* [COLLECTED DATA]
• • •
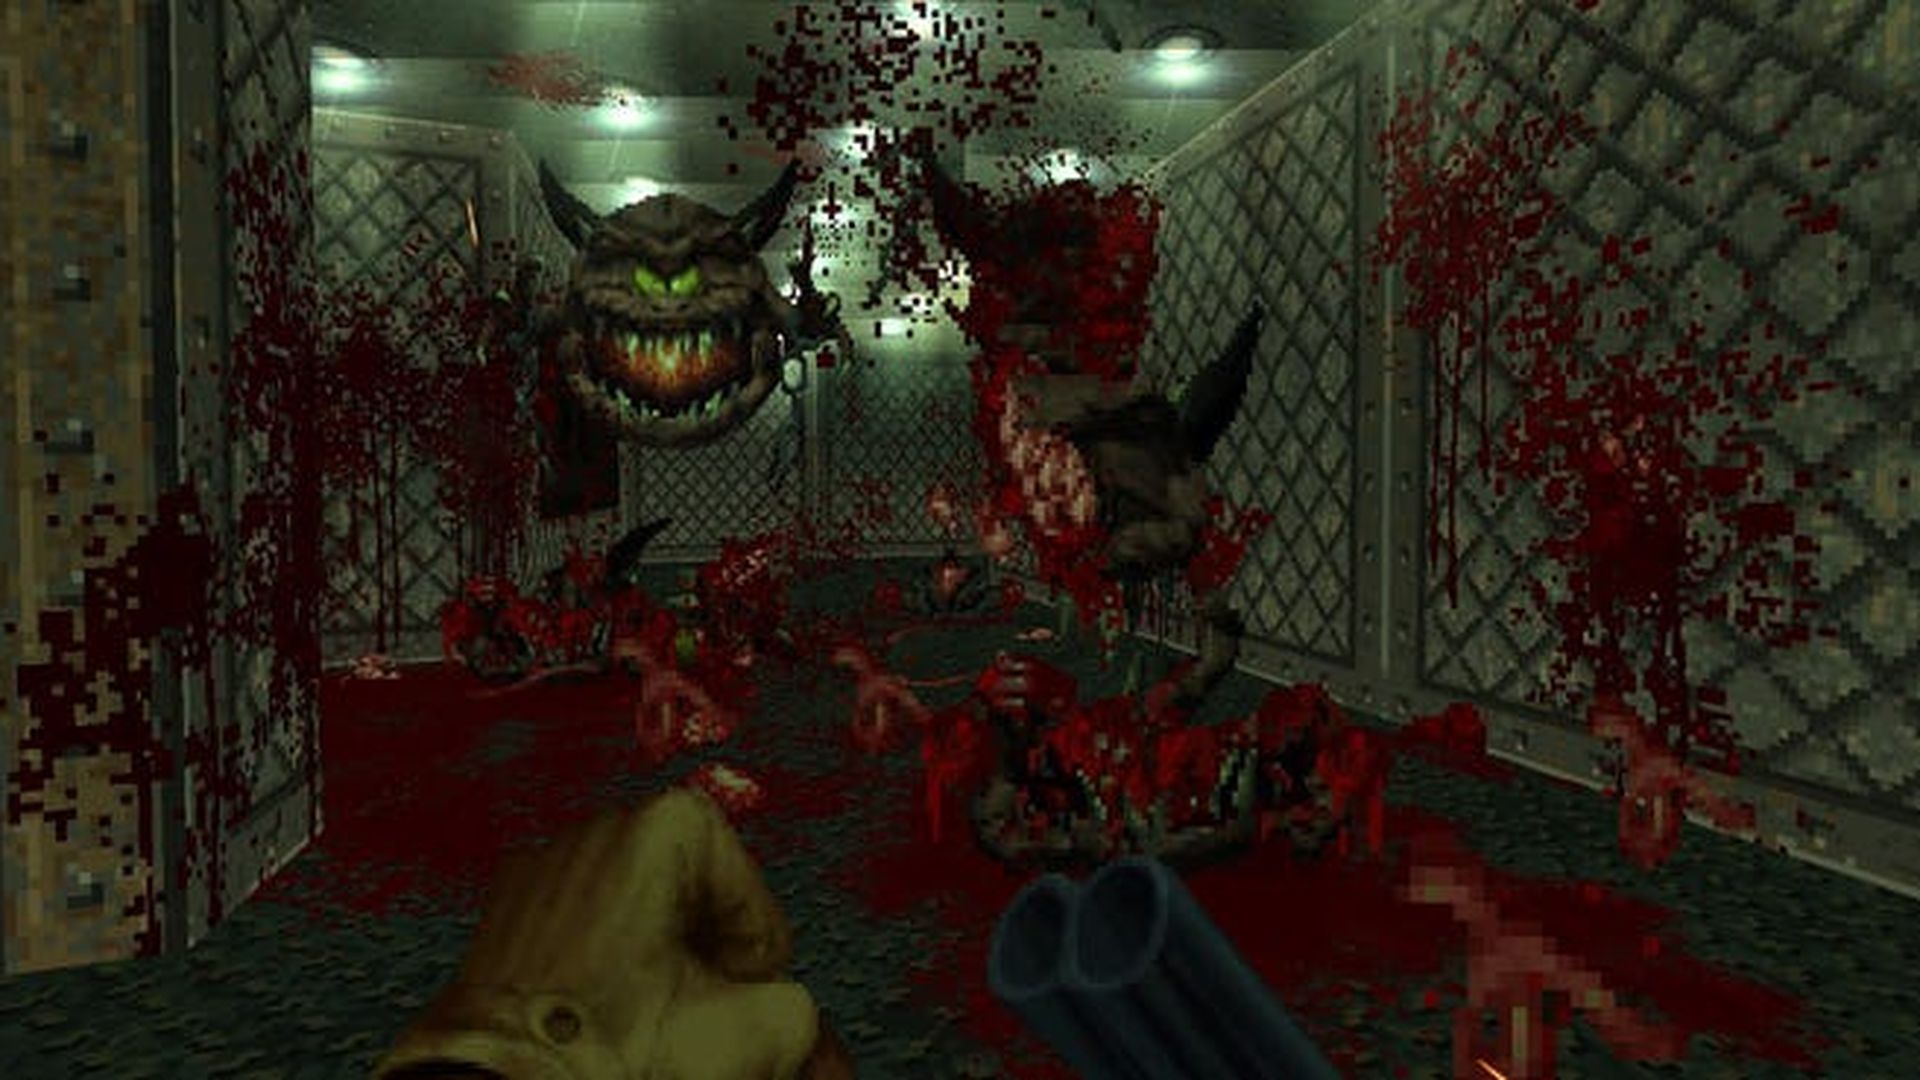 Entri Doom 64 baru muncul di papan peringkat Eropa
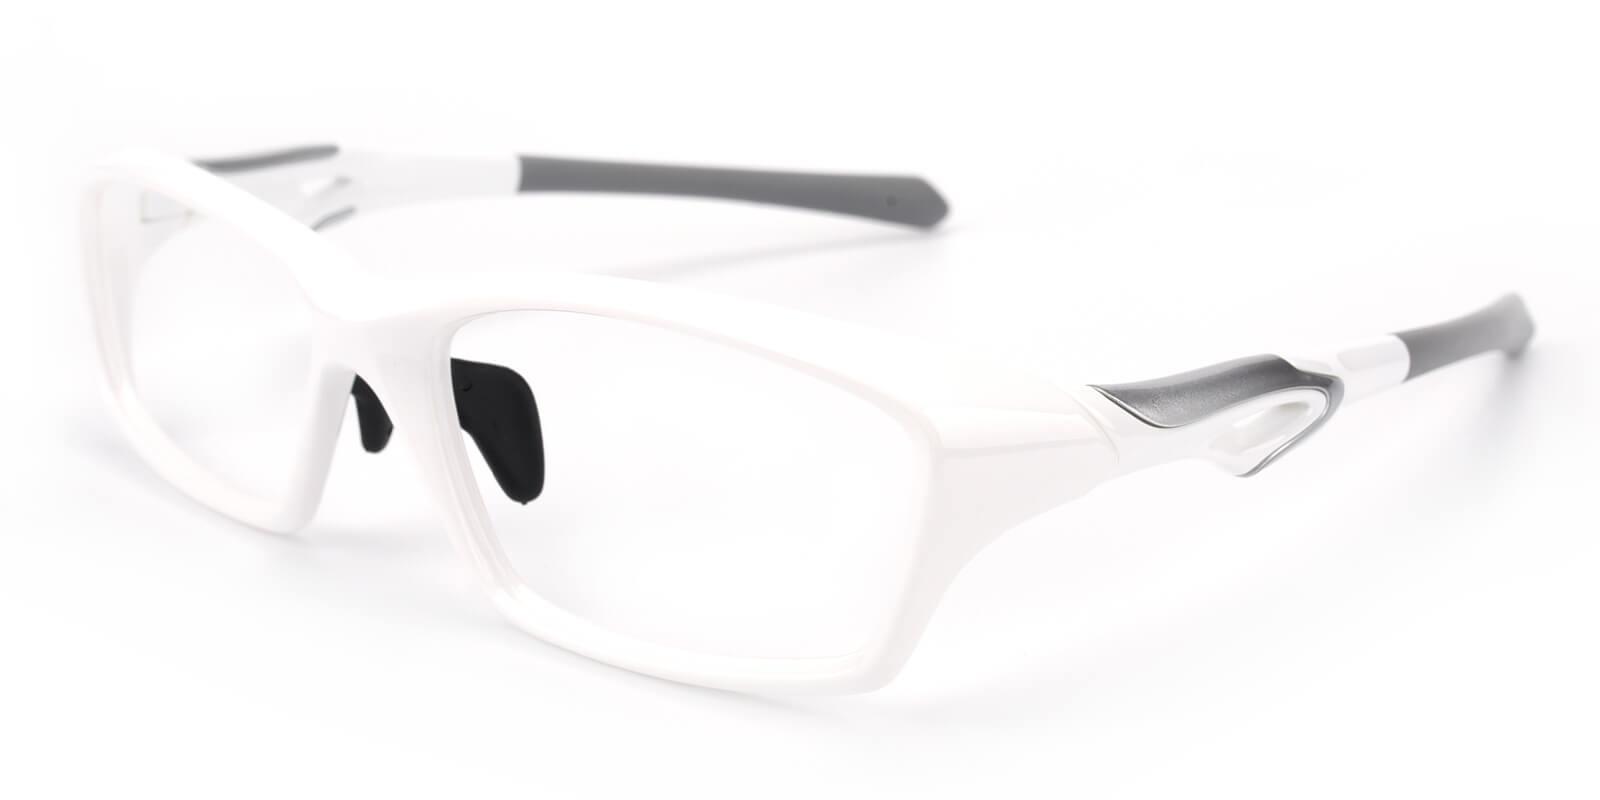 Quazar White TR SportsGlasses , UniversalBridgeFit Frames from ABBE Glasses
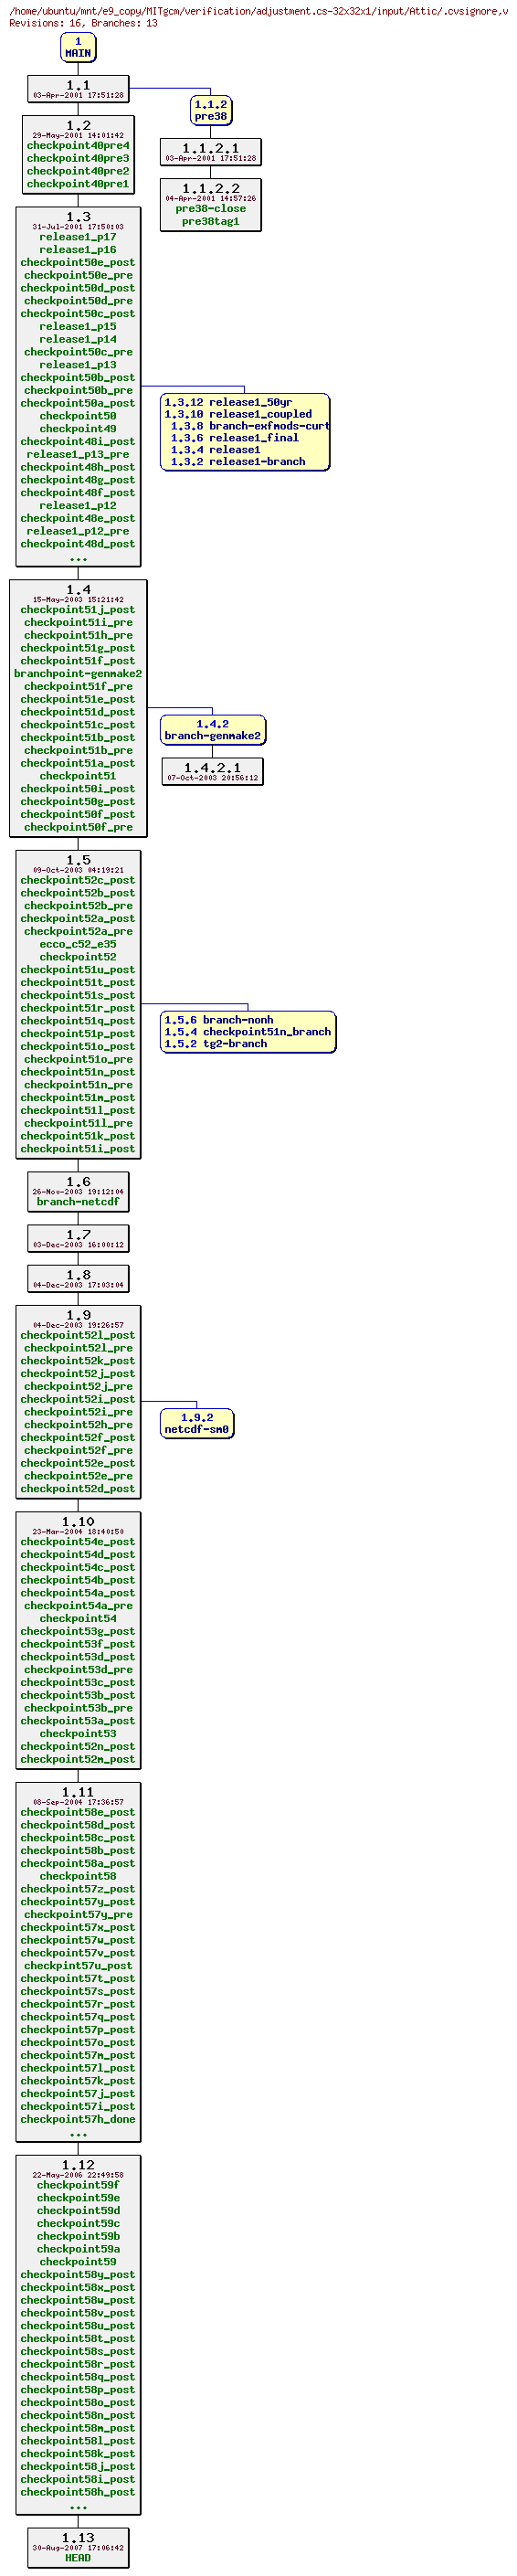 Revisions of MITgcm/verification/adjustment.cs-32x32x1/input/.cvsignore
• • •
* [TO DO]
Repeat all of the material above exactly, leaving out pictures.

* [RESULT OF THIS TASK]
 Entri Doom 64 baru muncul di papan peringkat Eropa
 Quazar White TR SportsGlasses , UniversalBridgeFit Frames from ABBE Glasses
 Revisions of MITgcm/verification/adjustment.cs-32x32x1/input/.cvsignore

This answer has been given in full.